Segment Open

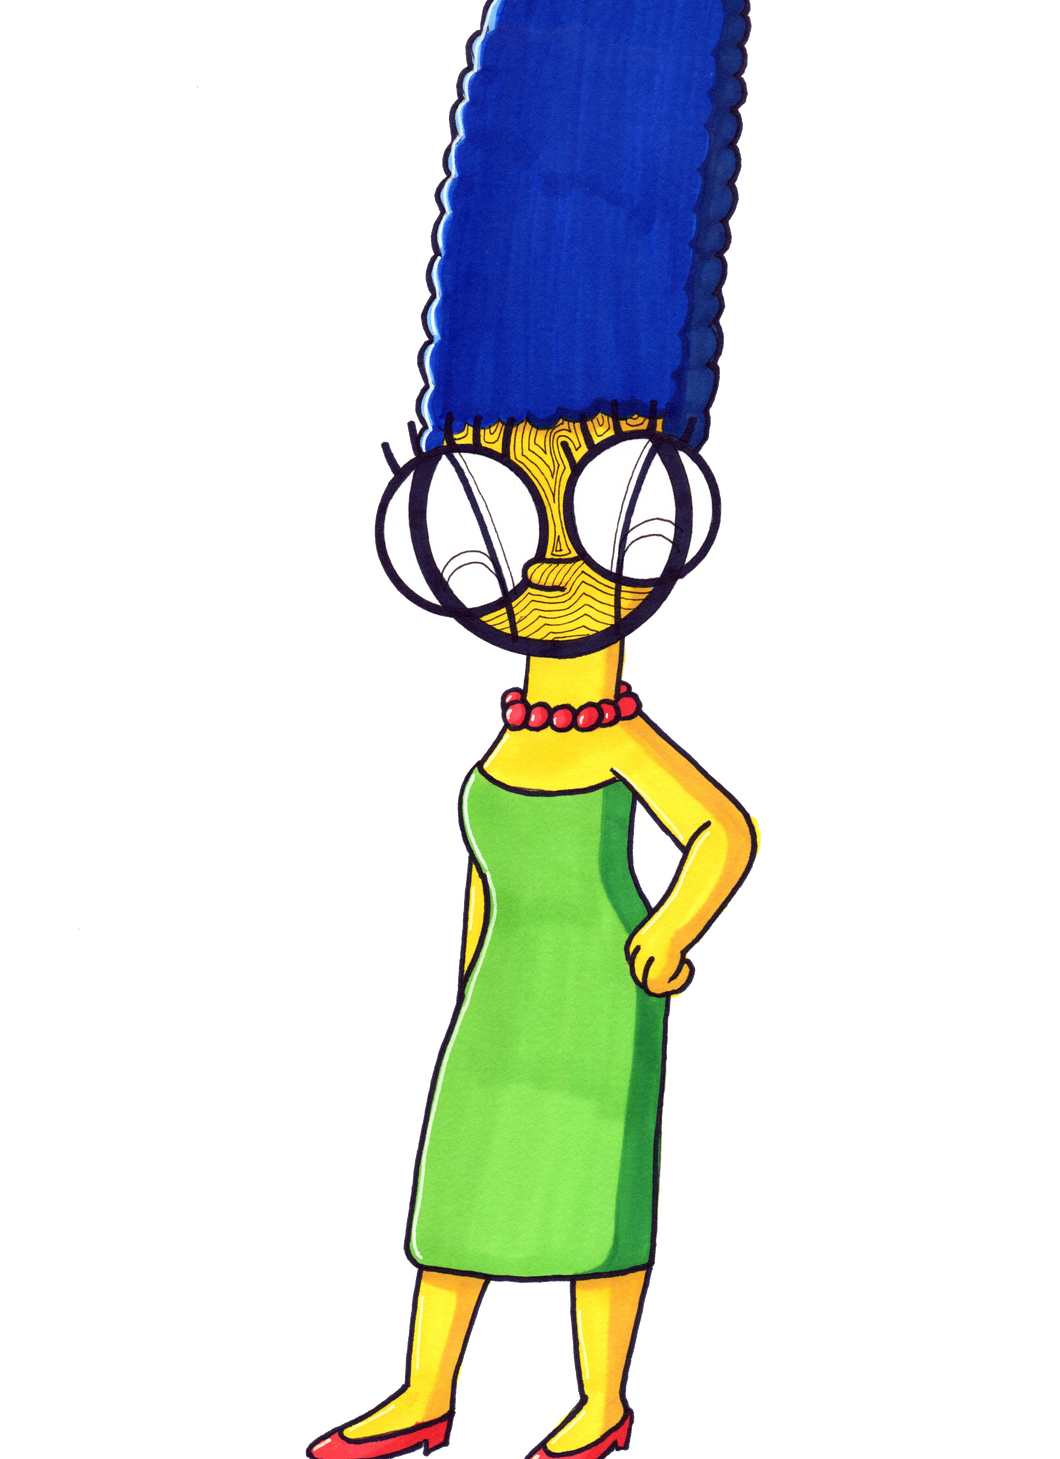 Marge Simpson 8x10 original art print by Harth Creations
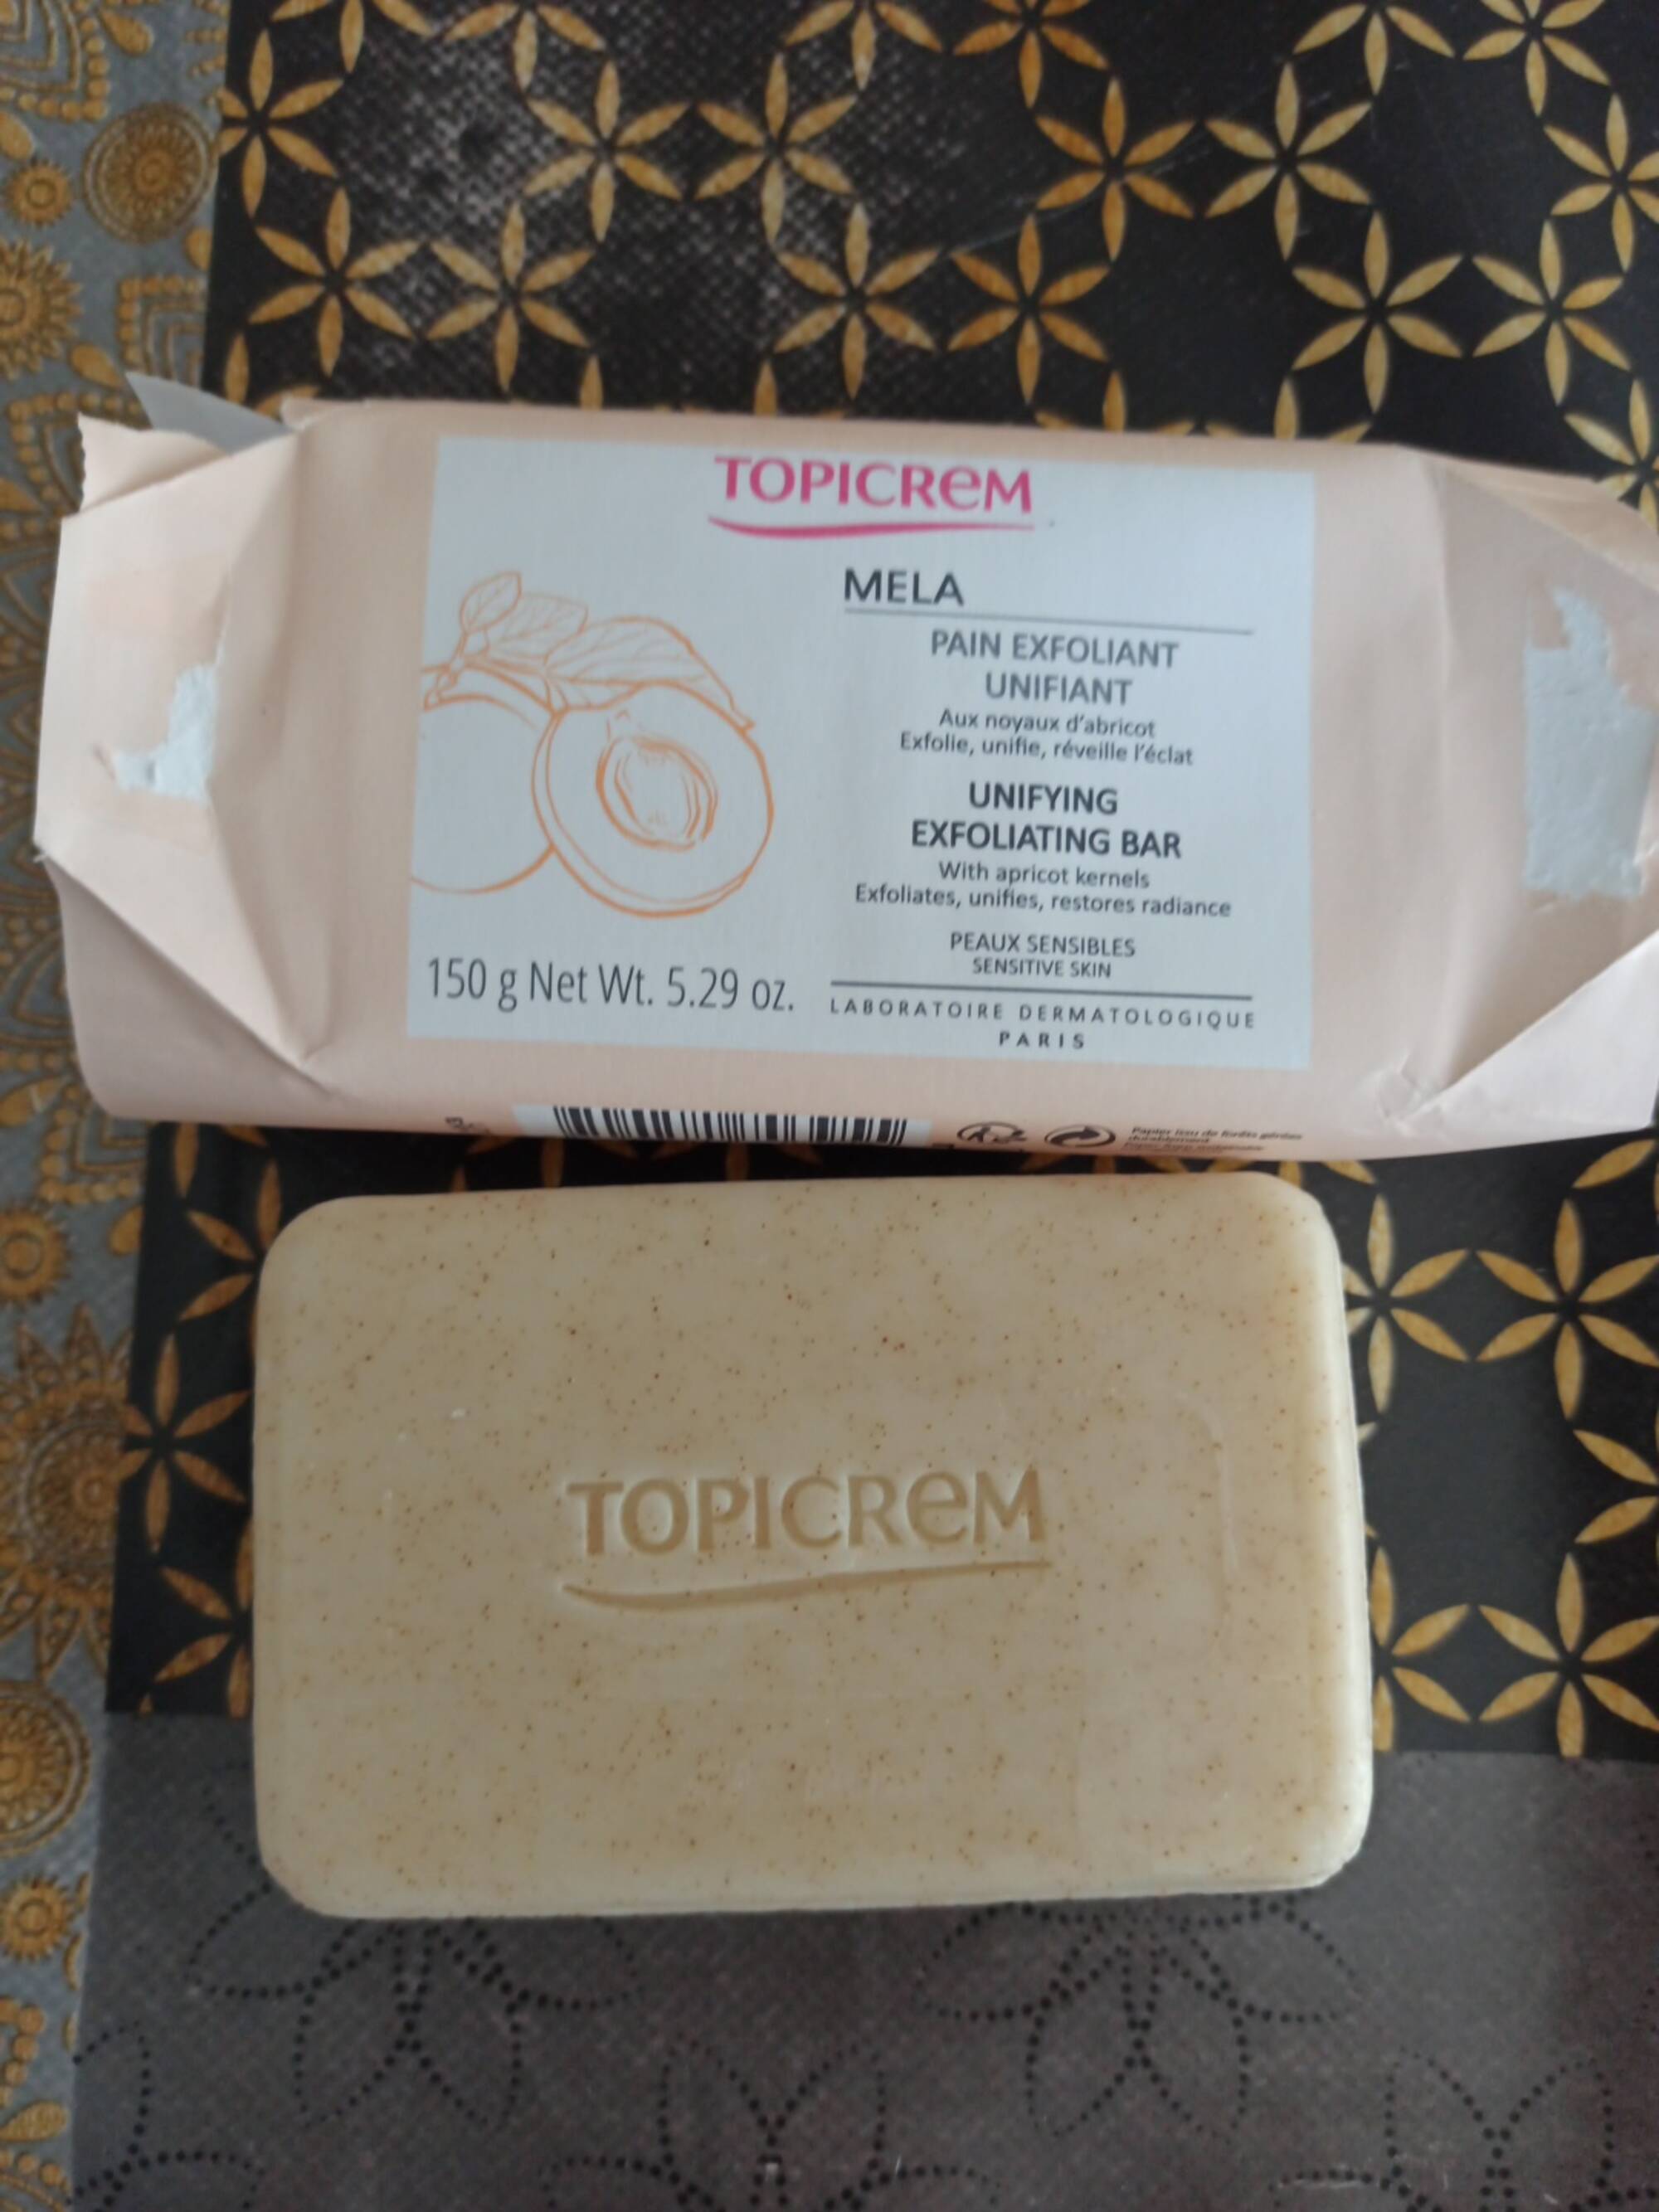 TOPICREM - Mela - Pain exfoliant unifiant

Segment Closed
Segment Open

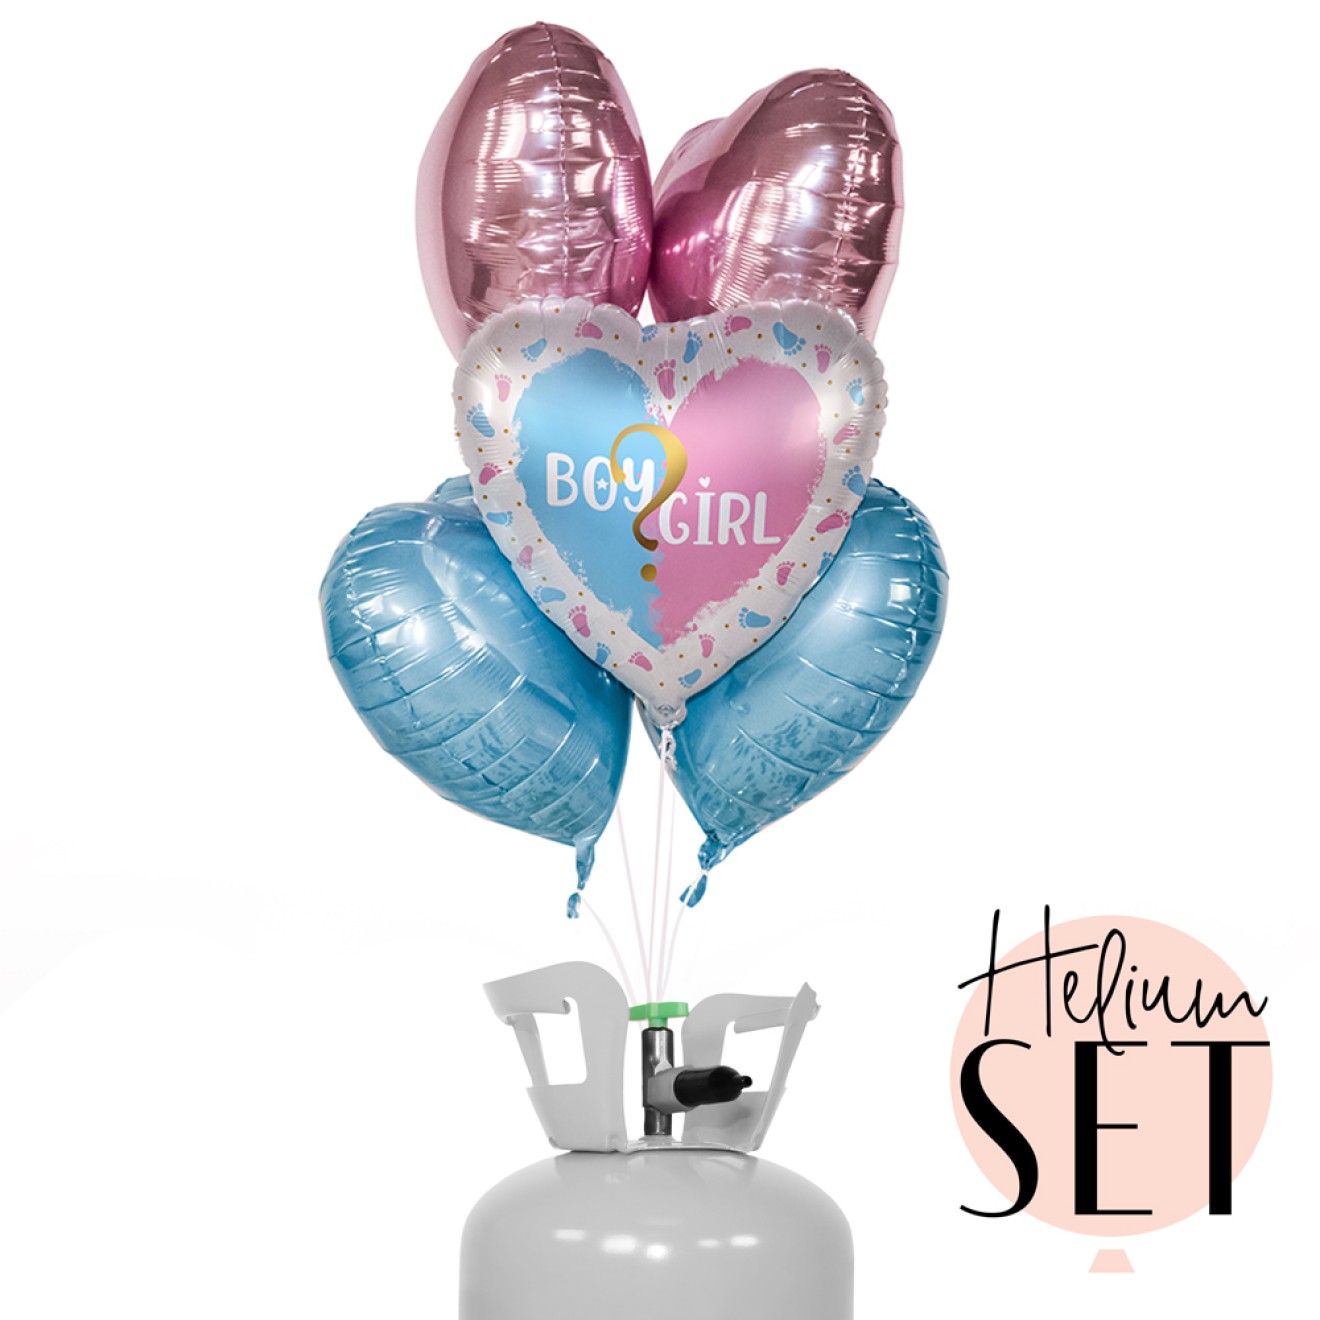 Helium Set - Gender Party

Segment Closed

» What is being asked
Among the entries above, locate the line with "Marge Simpson 8x10" and the line with "TOPICREM - Mela - Pain exfoliant unifiant". Give those two lines and all lines between them again, exactly, leaving out the pictures.

» Written solution
 Marge Simpson 8x10 original art print by Harth Creations
 TOPICREM - Mela - Pain exfoliant unifiant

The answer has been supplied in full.